His warning comes amid a climate of rising tensions in the region and mounting US and Israel threats to attack Iran for refusing to stop enriching uranium for its civilian nuclear program, Presstv reported.

"There is no diversity of opinion between Iran and members of the Persian Gulf Cooperation Council over the country's nuclear program," Sheikh Hamad who is the current head of the PGCC, told reporters on the sidelines of a summit in Syria. Sheikh Hamad Bin Khalifa Al-Thani.

Noting that the six-nation council seeks a long term relationship with the Islamic Republic, the emir stressed that tensions in the region is not in the interest of any county.

"With the exception of the UAE, no Persian Gulf state has a problem with Iran. The conflict between them is because of the three disputed islands.
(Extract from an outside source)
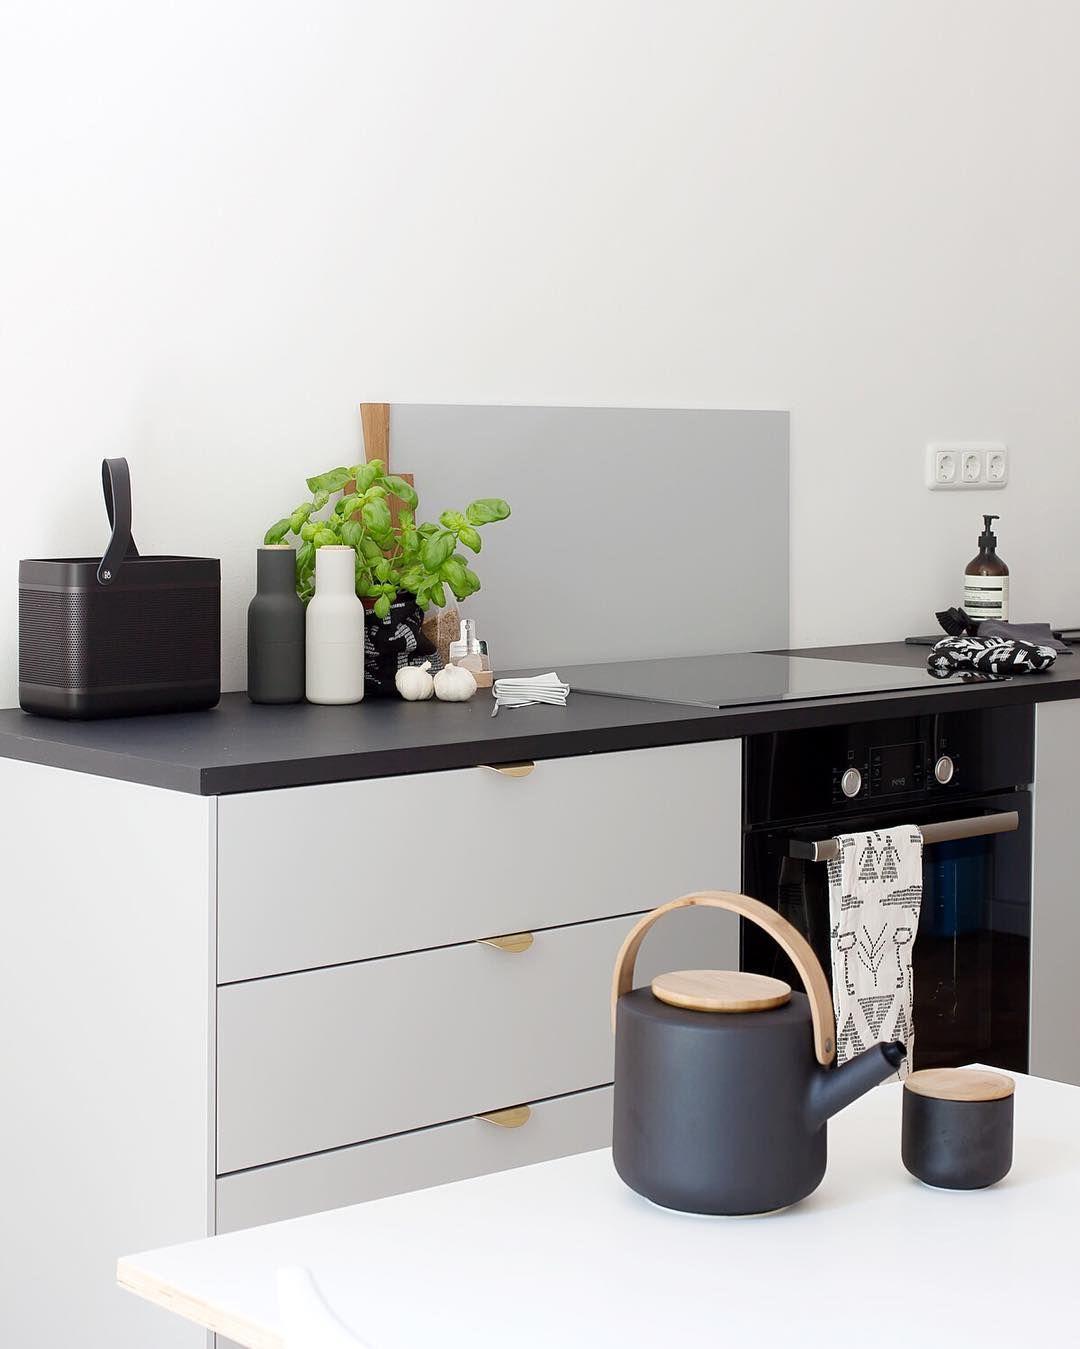 Kitchen Design Handles: A Glimpse Of Our New Kitchen

We support the proposition of taking this dispute to the International Court of Justice so it can be resolved," he said.

The United Arab Emirates regularly makes territorial claims against the Islamic Republic, claiming that it owns the three islands (Greater Tunb, Lesser Tunb and Abu Musa).

While Iran's sovereignty over the strategic islands in the Persian Gulf is supported by history and geography, Abu Dhabi has managed to gain the support of regional Arab states for its claim strongly dismissed by Iranian and other unbiased historians and teachers of political geography.

The islands were formally returned to Iranian sovereignty by Great Britain on November 30th 1971, when the former imperial power abandoned all its Persian Gulf protectorates and territories through a legal process and before the UAE was born.

According to international conventions, no state can reverse or refuse to recognize the legitimacy of accords that have come into force before its inception unless the same were officially declared null and void soon after the state was created.